* _PROBLEM DESCRIPTION_
What you return must be the data below, word for word, without any images.

* _DATA BELOW_
↓↓↓

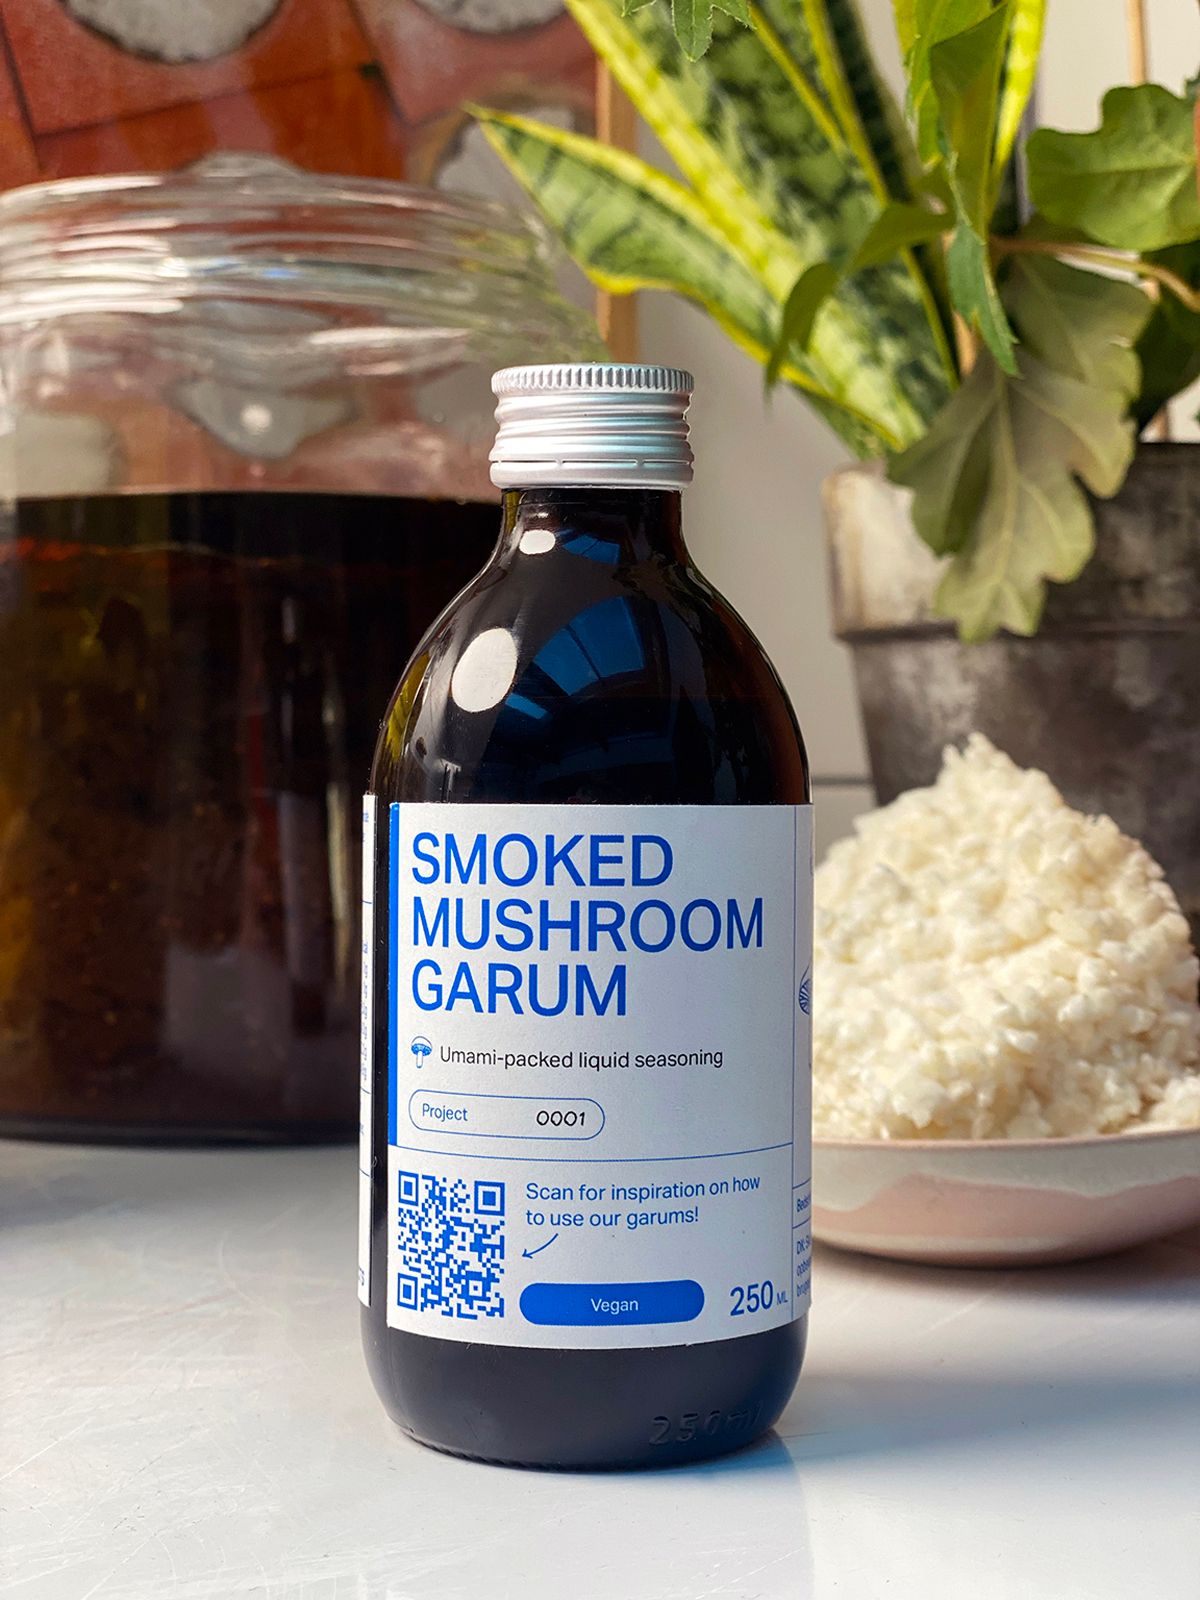 Smoked Mushroom Garum Noma bringt das erste Produkt für daheim Essen
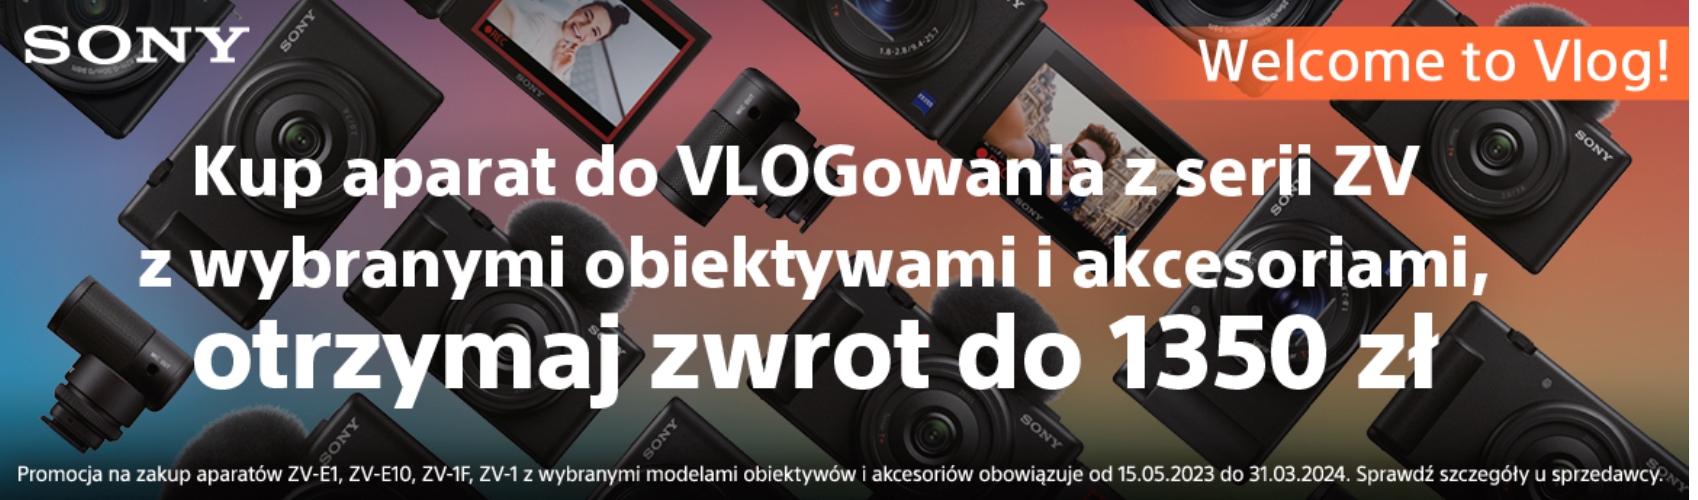 Kup aparat do Vlogowania z Serii ZV z wybranymi obiektywami i akcesoriami  i otrzymaj zwrot do 1350 zł
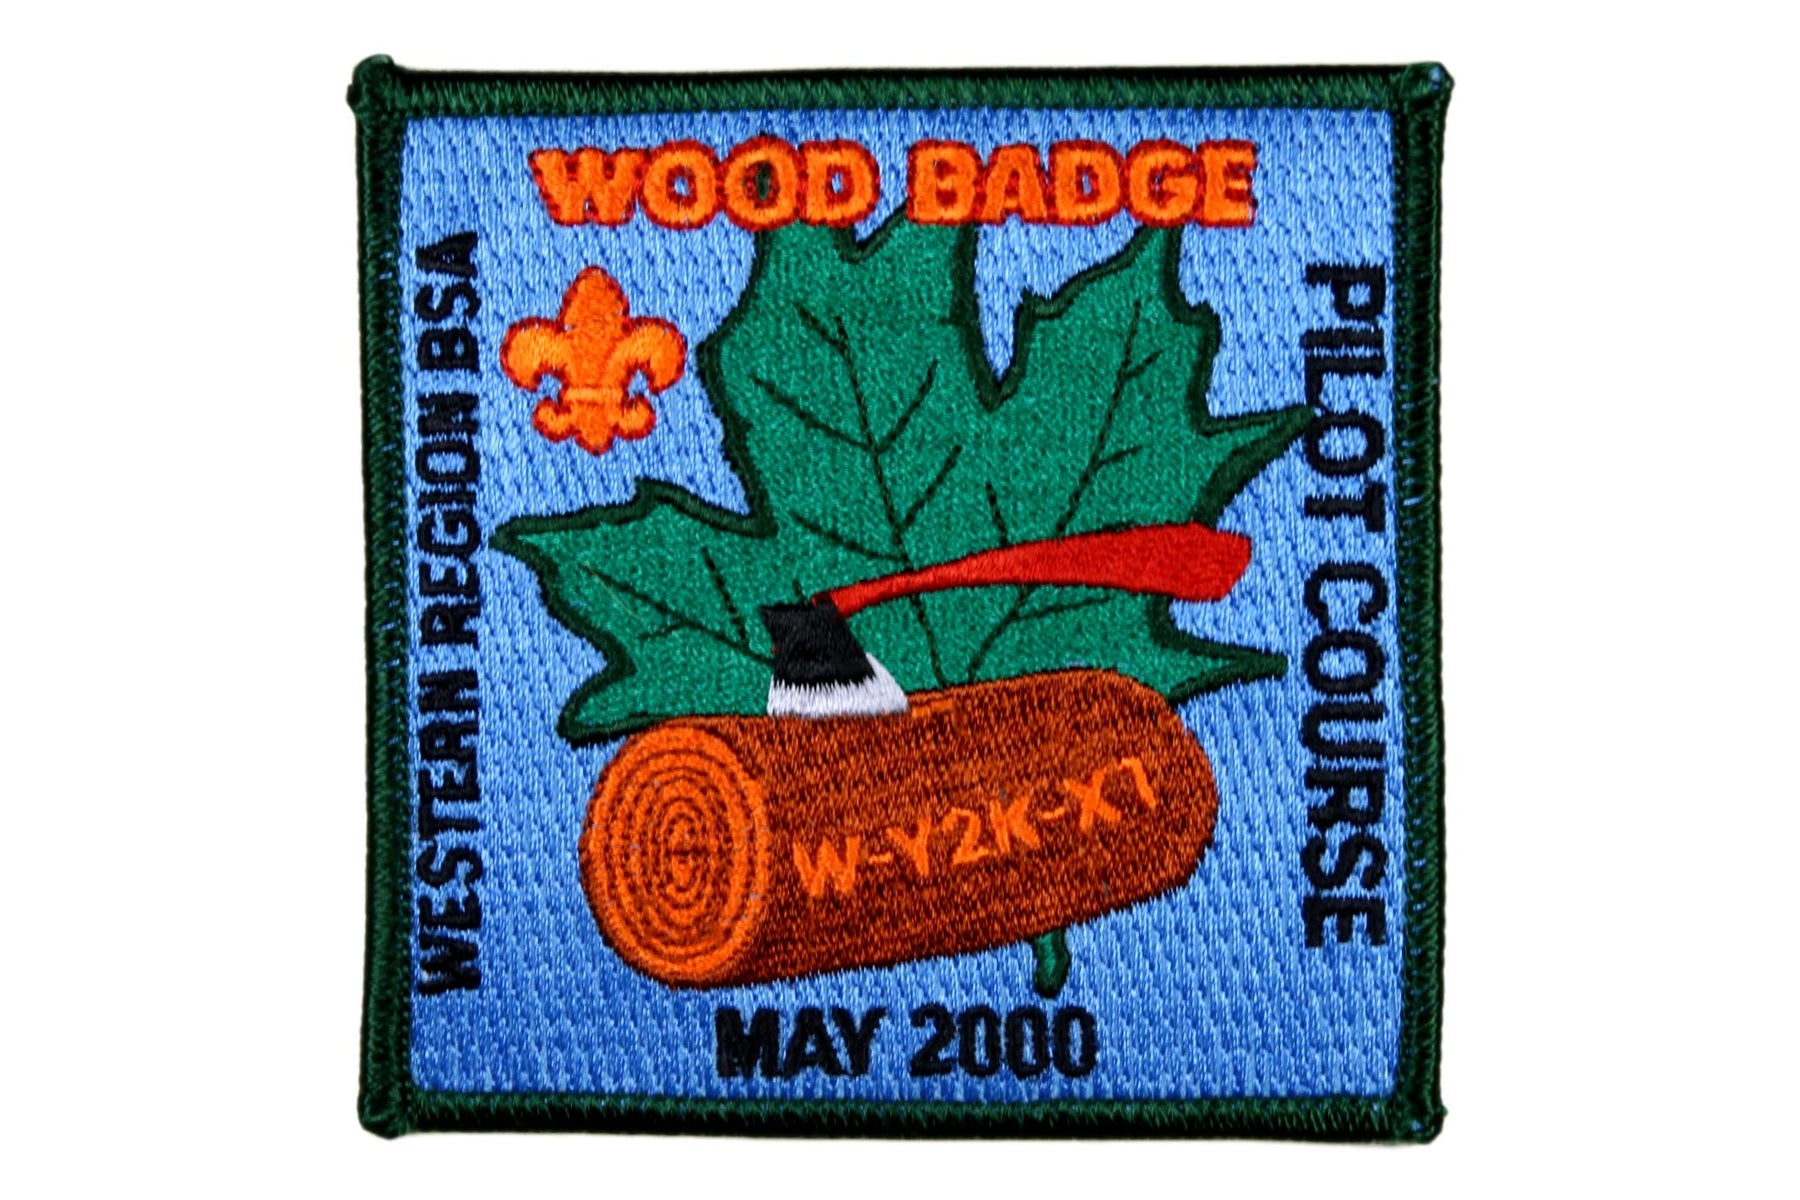 Patch - Wood Badge 2000 Pilot Course

↑↑↑

* _EXPECTED ANSWER_
 Smoked Mushroom Garum Noma bringt das erste Produkt für daheim Essen
 Kup aparat do Vlogowania z Serii ZV z wybranymi obiektywami i akcesoriami  i otrzymaj zwrot do 1350 zł
 Patch - Wood Badge 2000 Pilot Course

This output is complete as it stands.